Get the md5sum of every 64MB block in a large file using bash.

sill...@yahoo.com

unread,

May 7, 2008, 3:18:27 PM5/7/08

to

Hello, can someone please help.

I have an 8GB file and need the md5sum of every 64MB block in the
file.

I'm looking for some ideas on how to write a script to do this using
bash - not interested in perl or other language solutions.

The size of my disk is 10GB with a smallish linux system and 256MB
free disk space.

Thanks for all constructive posts.

Hal

mo

unread,

May 7, 2008, 5:18:02 PM5/7/08

to

If time is not a problem you can try:

MD5=;x=0;while [ "$MD5" != d41d8cd98f00b204e9800998ecf8427e ];do
MD5=`dd status=noxfer if=file bs=64M skip=$x|md5sum|cut -d ' ' -f 1`
x=$[x+1]
echo $x $MD5 # for block 1, skipped 0
done >blocks

Don't tested!
See also command split.

The problem with the idea above is the restarting file read
after each block:
$ echo $[8000/64]
125

Luuk

unread,

May 7, 2008, 5:35:55 PM5/7/08

to

sill...@yahoo.com schreef:

something like:

[1] for ((x=0; x<128; x++)) ;
[2] do
[3] dd if=largefile ibs=64M obs=64M skip=$x skip=$x of=tmp;
[4] echo $x;
[5] md5sum tmp;
[6] done

reading in 128 steps, through your file, creating a (temp)file 'tmp' of
which the md5sum is created.

--
Luuk

Dave B

unread,

May 8, 2008, 4:18:48 AM5/8/08

to

On Wednesday 7 May 2008 23:35, Luuk wrote:

> something like:
>
> [1] for ((x=0; x<128; x++)) ;
> [2] do
> [3] dd if=largefile ibs=64M obs=64M skip=$x skip=$x of=tmp;
> [4] echo $x;
> [5] md5sum tmp;
> [6] done
>
>
> reading in 128 steps, through your file, creating a (temp)file 'tmp' of
> which the md5sum is created.

You don't need the temp file, since you can pipe the output of dd directly
to md5sum.

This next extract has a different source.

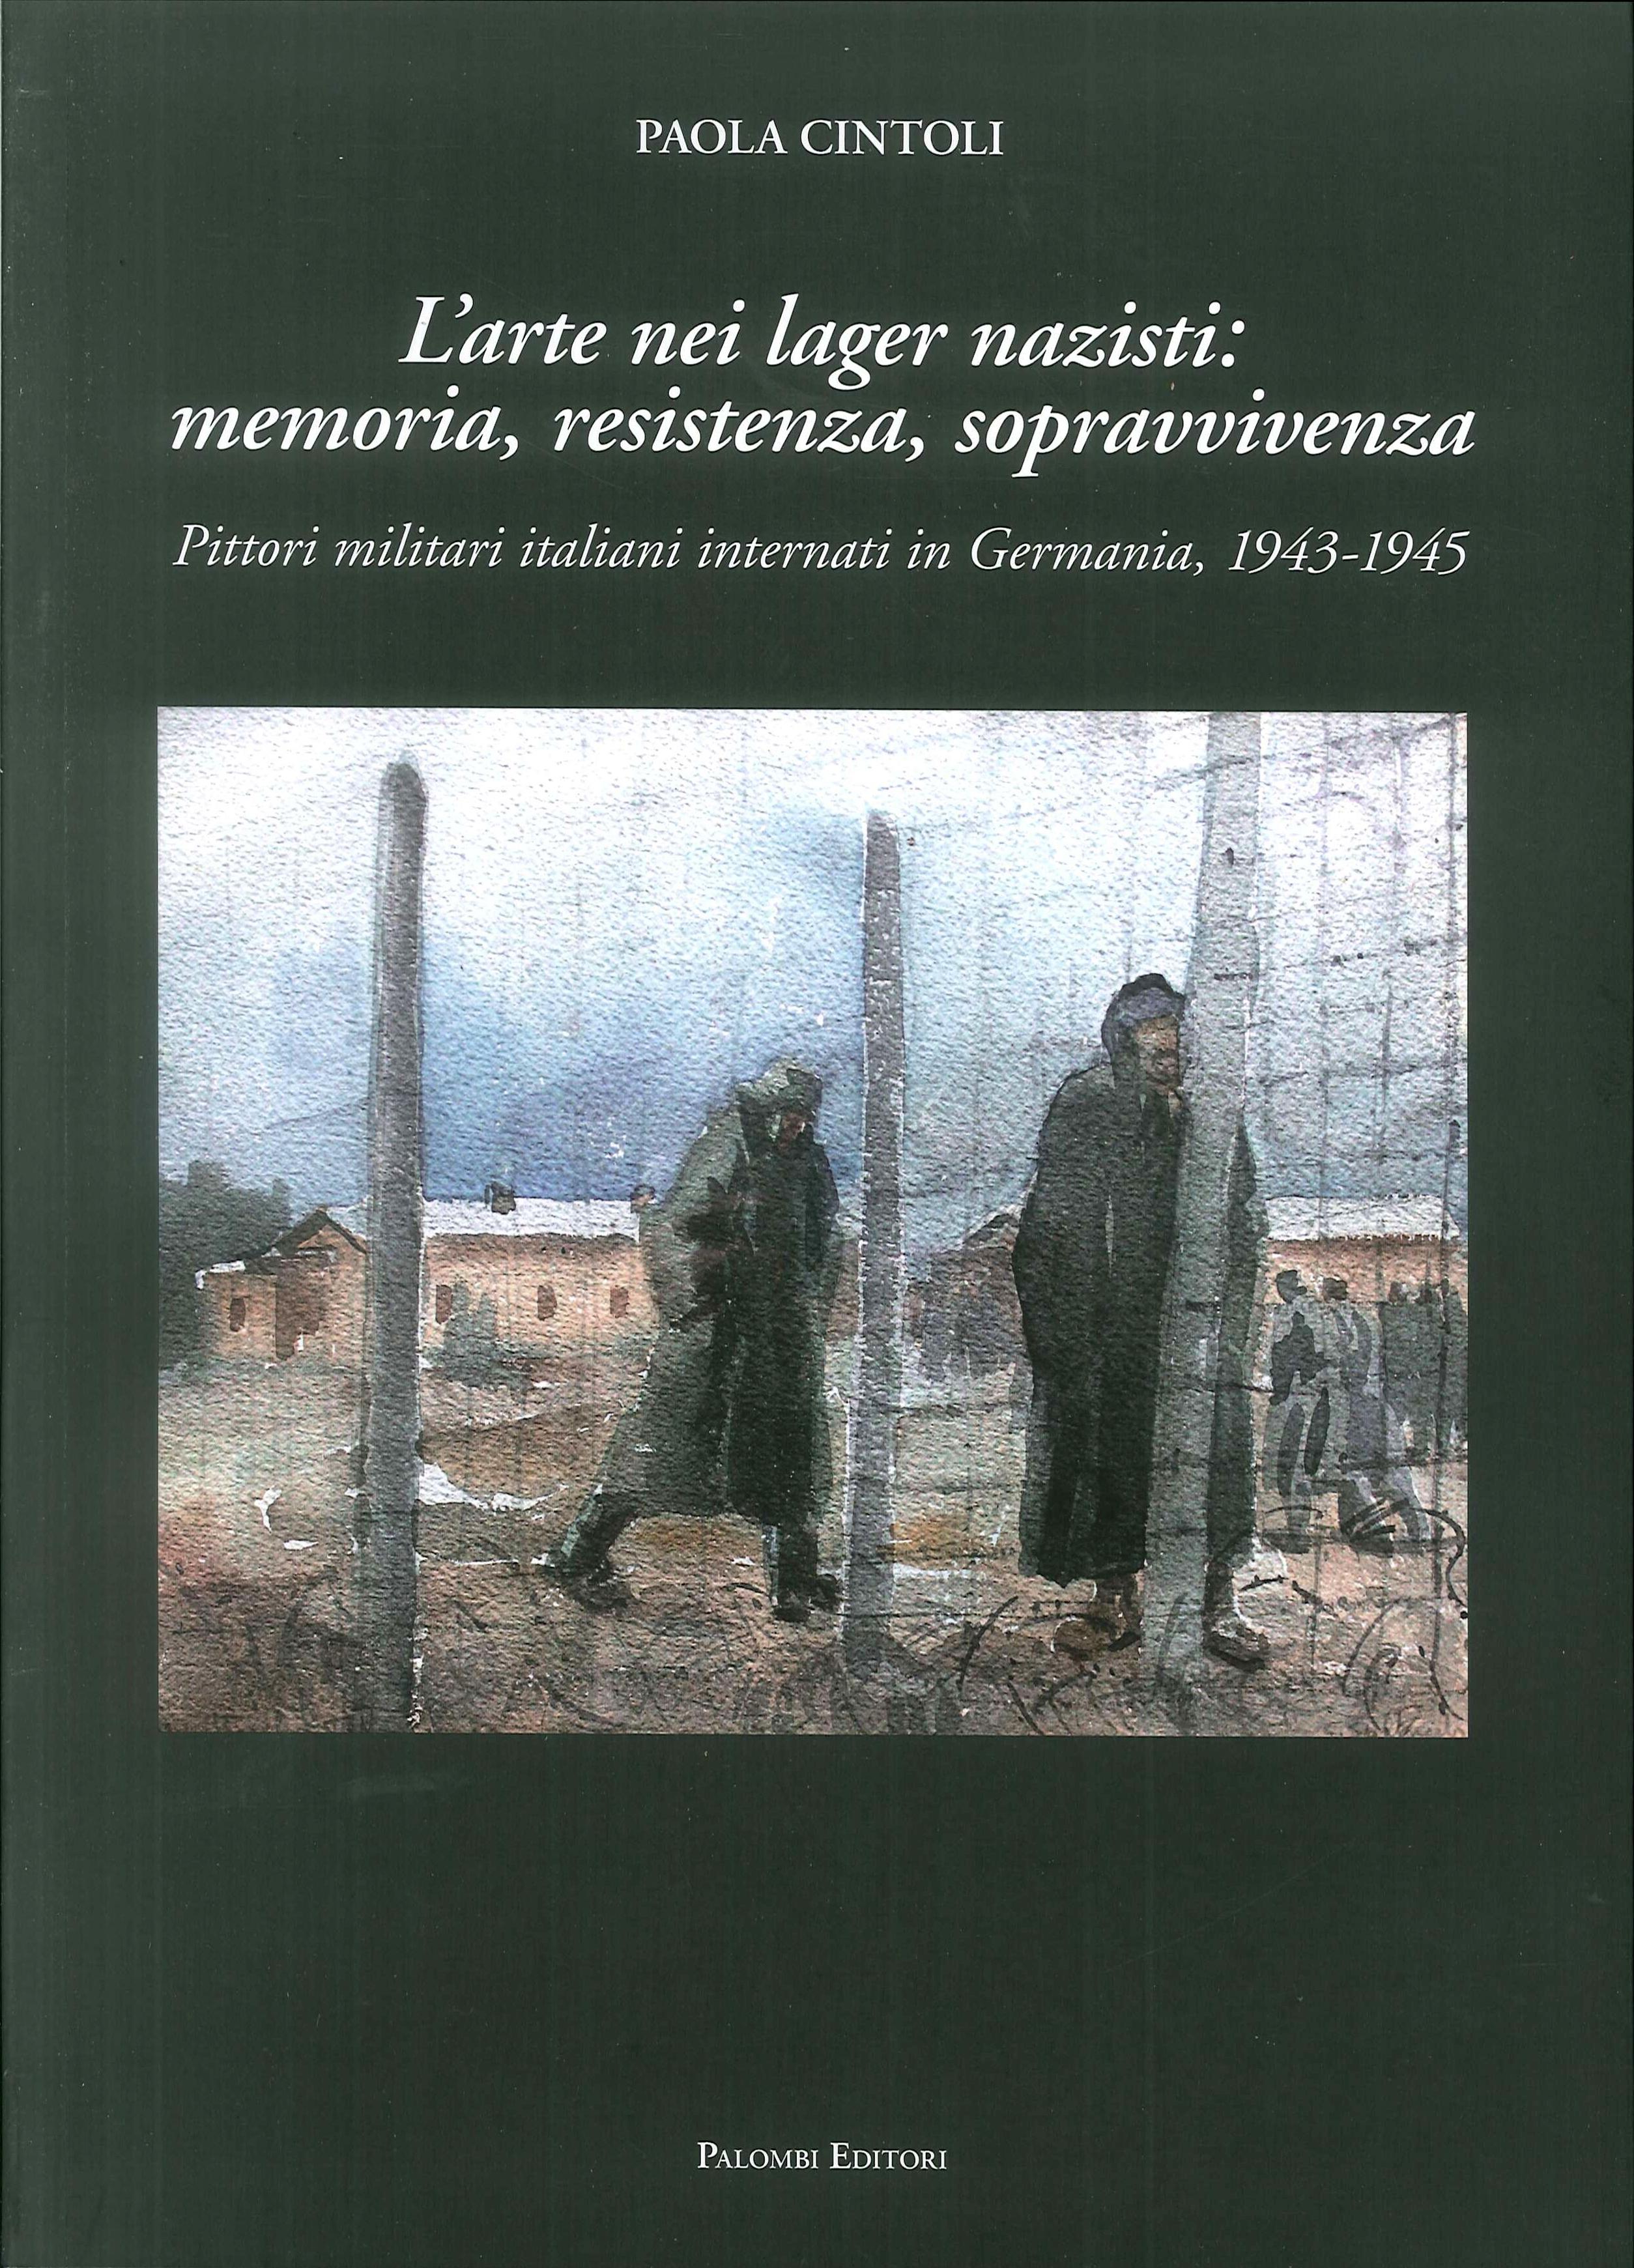 L'Arte nei Lager Nazisti: memoria, resistenza, sopravvivenza. Pittori militari italiani internati in Germania, 1943-1945.

Just omit the "of=" part in the dd command, and dd will write to
stdout.

--
D.

Stephane CHAZELAS

unread,

May 8, 2008, 6:55:01 AM5/8/08

to

2008-05-7, 12:18(-07), sill...@yahoo.com:

> Hello, can someone please help.
>
> I have an 8GB file and need the md5sum of every 64MB block in the
> file.
>
> I'm looking for some ideas on how to write a script to do this using
> bash - not interested in perl or other language solutions.
>
> The size of my disk is 10GB with a smallish linux system and 256MB
> free disk space.

[...]

You should need to use any disk space:
while
{
details=$(
{
LC_ALL=C dd bs="$((64*1024*1024))" count=1 2>&3 | md5sum >&4
} 3>&1
)
} 4>&1 &&
case $details in (*"1+0 records in"*) ;; (*) false;; esac
do :
done < your-big-file

--
Stéphane

mo

unread,

May 8, 2008, 10:38:45 PM5/8/08

to

Updating my previous code with CHAZELAS' smart idea to the feeder
and now using head instead dd:

md5(){ [ $1 ]||{ echo "md5 <block_size_in_bytes>" >&2;return 1;}
x=0;pMD5=
while MD5=`head -c$1|md5sum|cut -d ' ' -f 1`&&[ "$pMD5" != "$MD5" ];do
pMD5=$MD5
x=$[x+1]
echo "$MD5 $x"
done
}

###Using:
$ md5
md5 <block_size_in_bytes>
$

$ md5 512 <x.log
ae85a3ff6457e95c723c7d90232cf738 1
b09cdeb518910d3b8b8fb09bd8a57488 2
4fd51c79224201930e294d71feb47c7a 3
d41d8cd98f00b204e9800998ecf8427e 4
$

$ cat x.log|md5 1024
dd66ec03b7c59ed2828090dae4421818 1
4fd51c79224201930e294d71feb47c7a 2
d41d8cd98f00b204e9800998ecf8427e 3
$

With this new code the last line is always from a null string.

sill...@yahoo.com

unread,

May 10, 2008, 2:28:39 PM5/10/08

to

Thanks for the responses. Good work!

I also put together this attempt which seems to do the trick as well.
It's based on previous responses and some ideas found in the article
'Mincing Your Data into Arbitrary Chunks (in bash)' from the book
Linux Server Hacks. I found the article online.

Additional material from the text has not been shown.